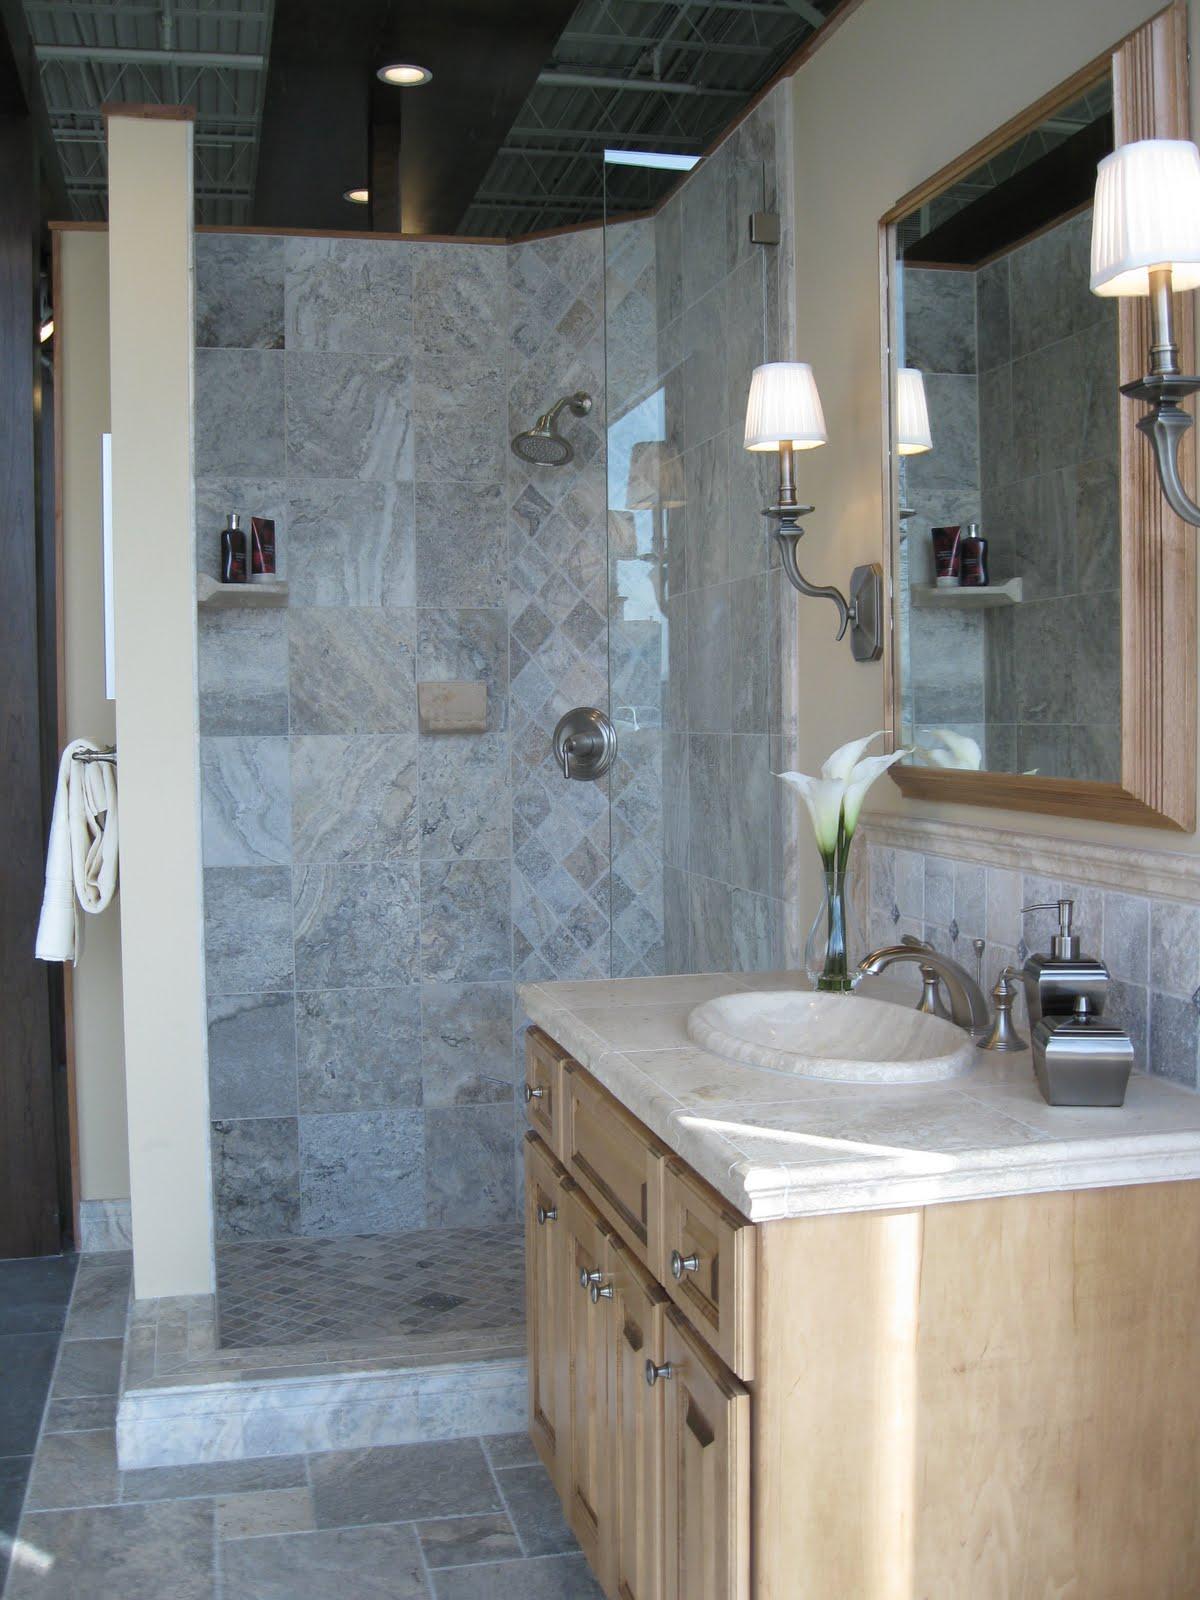 Roseville Remodel The Tile Shop Design By Kirsty - Bathroom remodel roseville
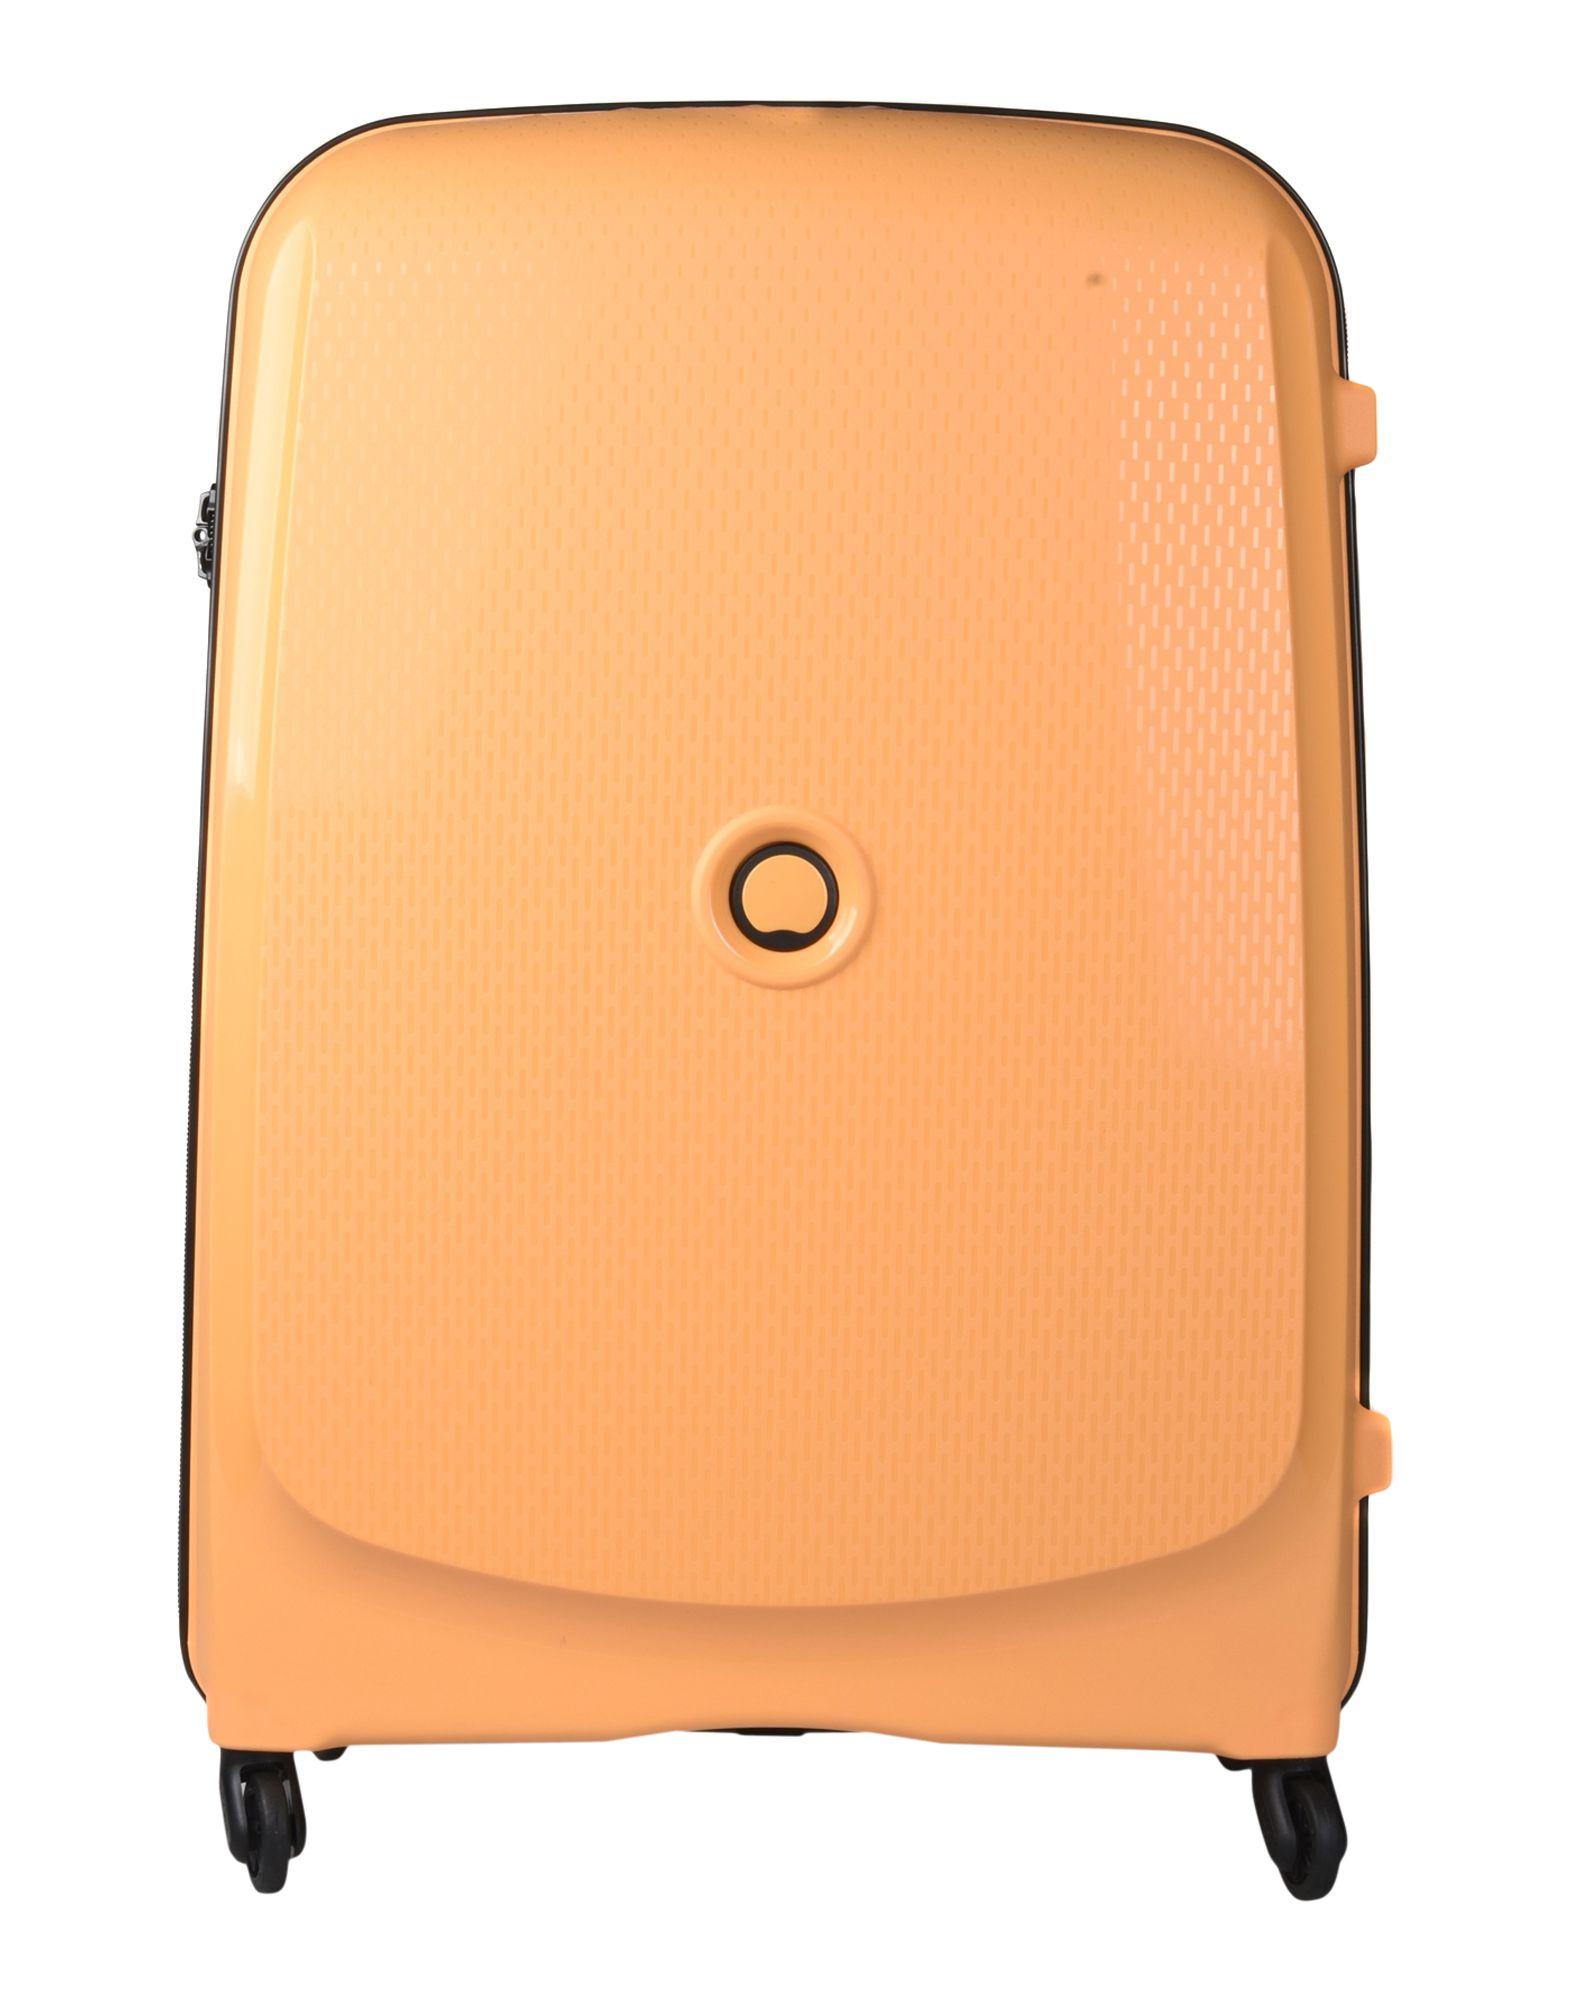 《期間限定セール中》DELSEY Unisex キャスター付きバッグ あんず色 ポリプロピレン
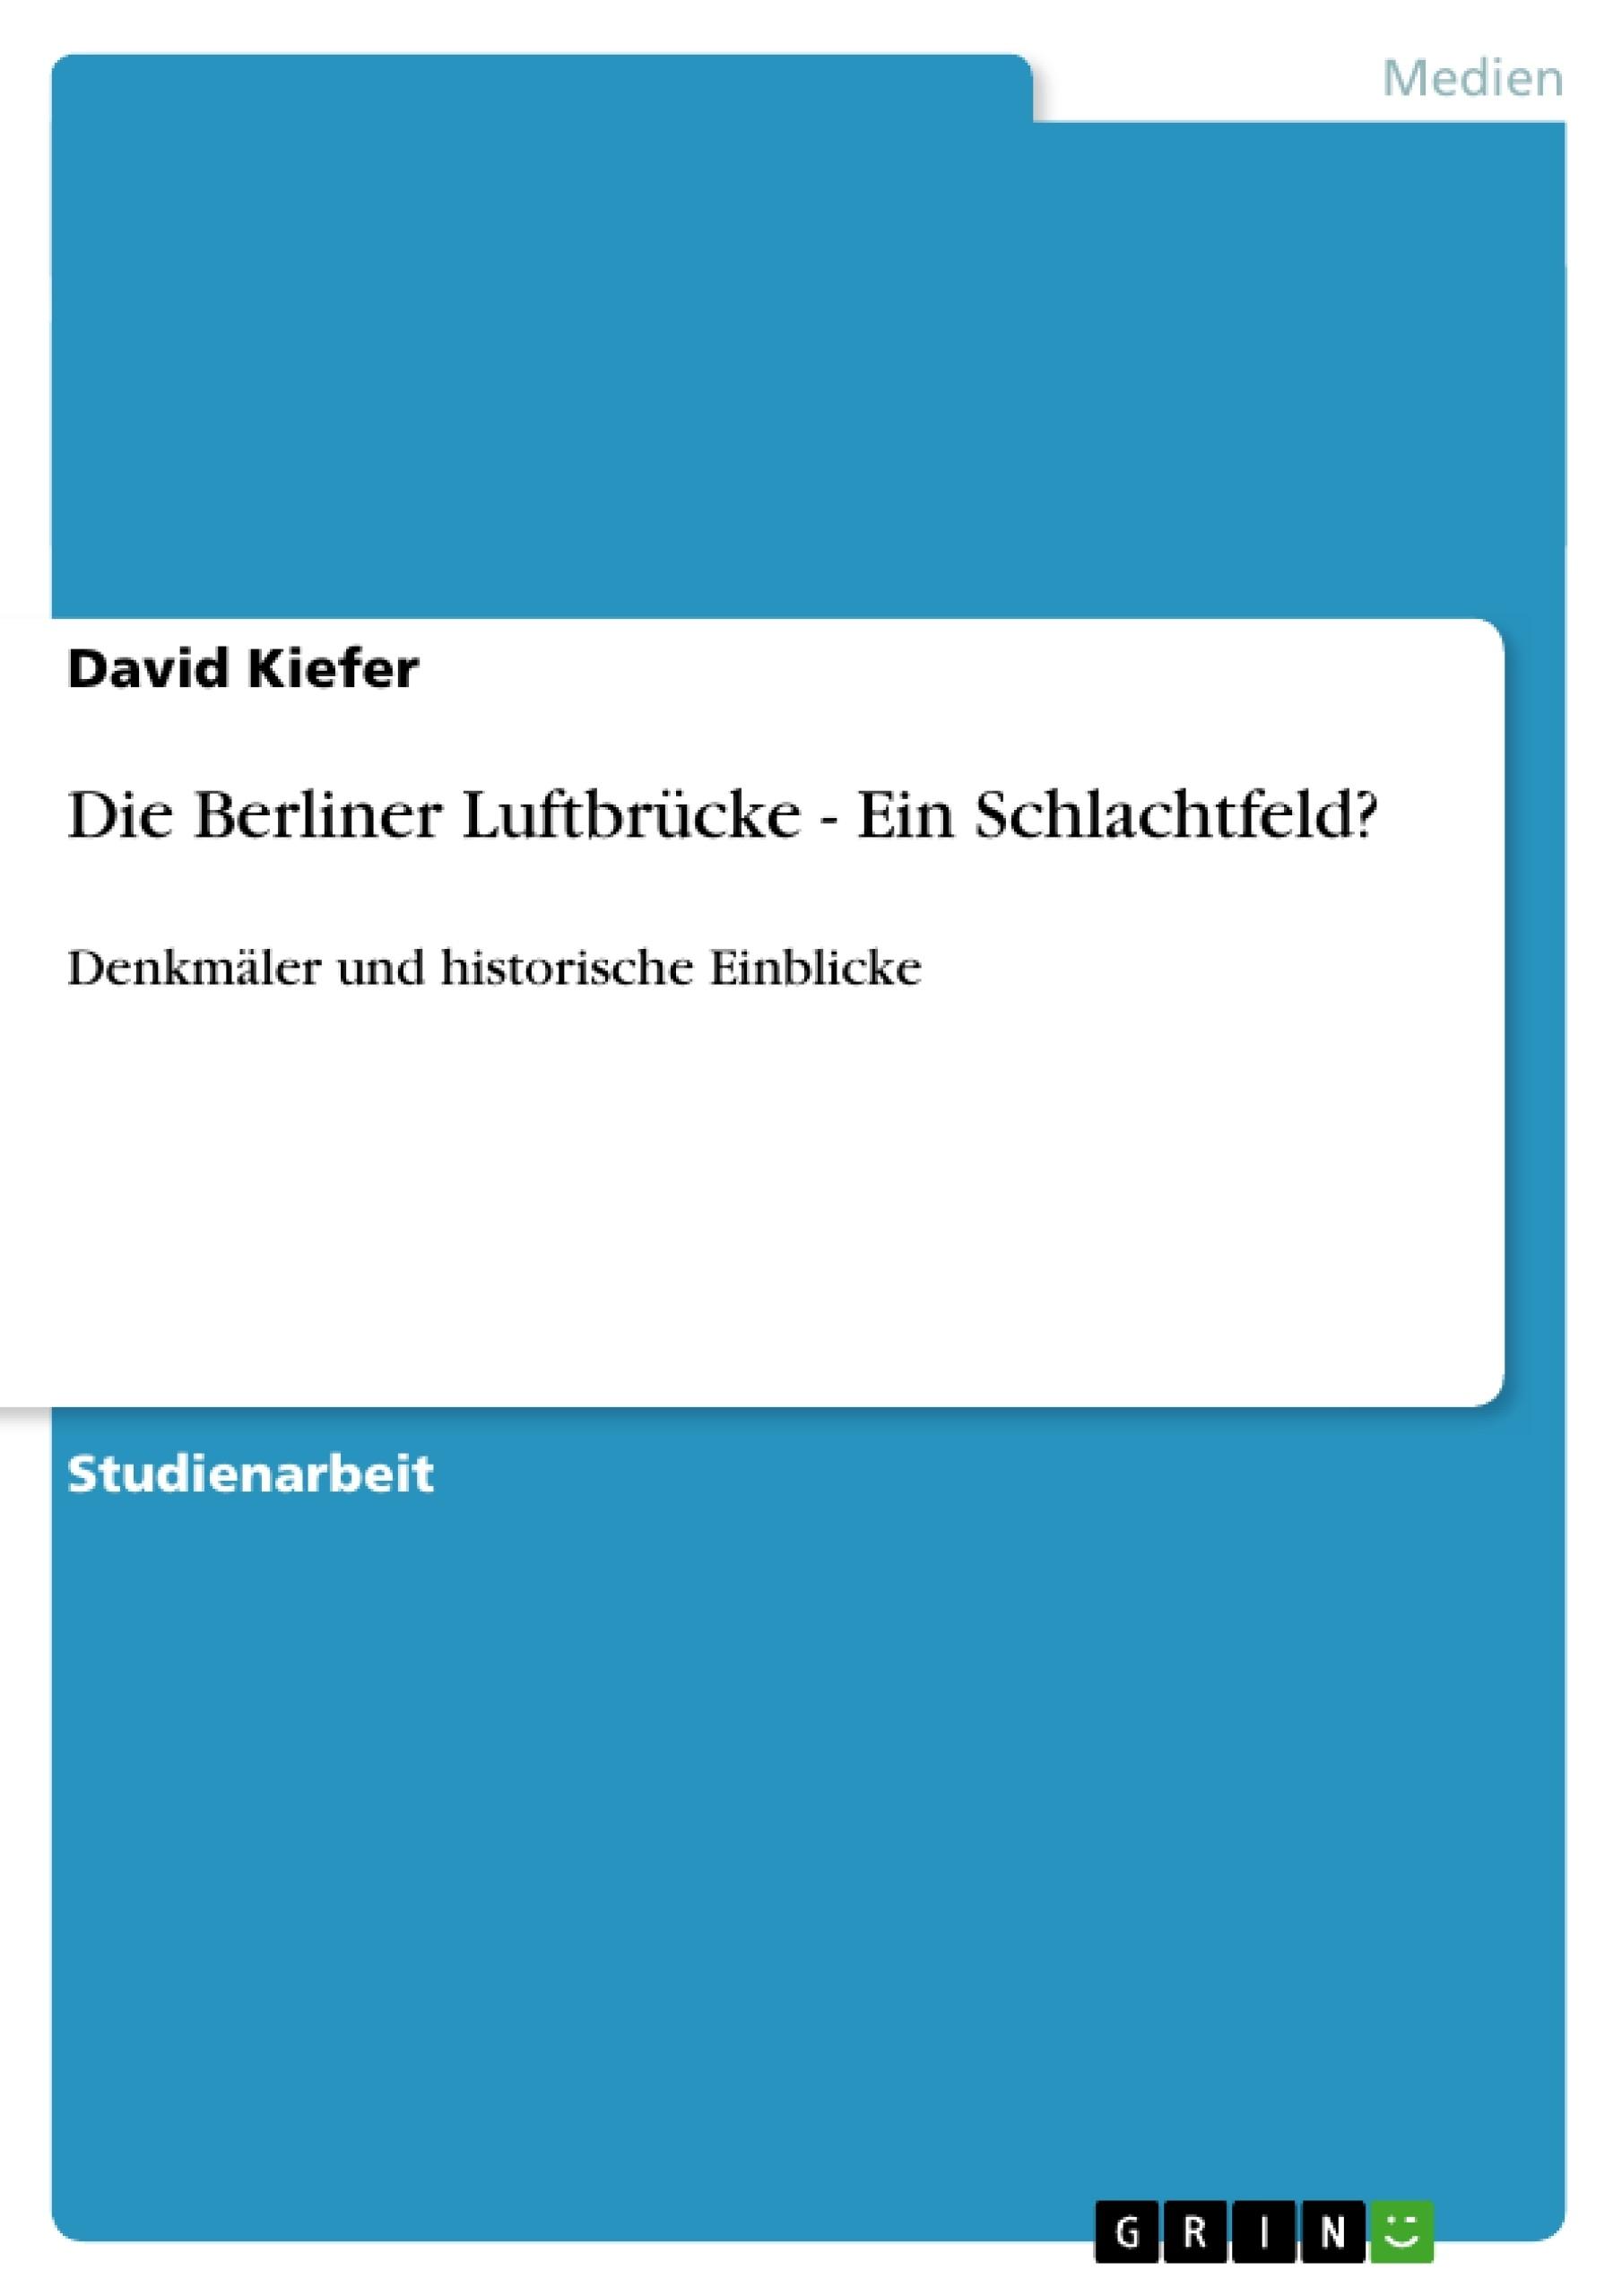 Titel: Die Berliner Luftbrücke - Ein Schlachtfeld?

--------------------------------------------------

- TASK DIRECTIONS
Would you retype the material exactly, omitting each picture?

- SOLUTION TO THIS TASK
 Roseville Remodel The Tile Shop Design By Kirsty - Bathroom remodel roseville
 《期間限定セール中》DELSEY Unisex キャスター付きバッグ あんず色 ポリプロピレン
 Titel: Die Berliner Luftbrücke - Ein Schlachtfeld?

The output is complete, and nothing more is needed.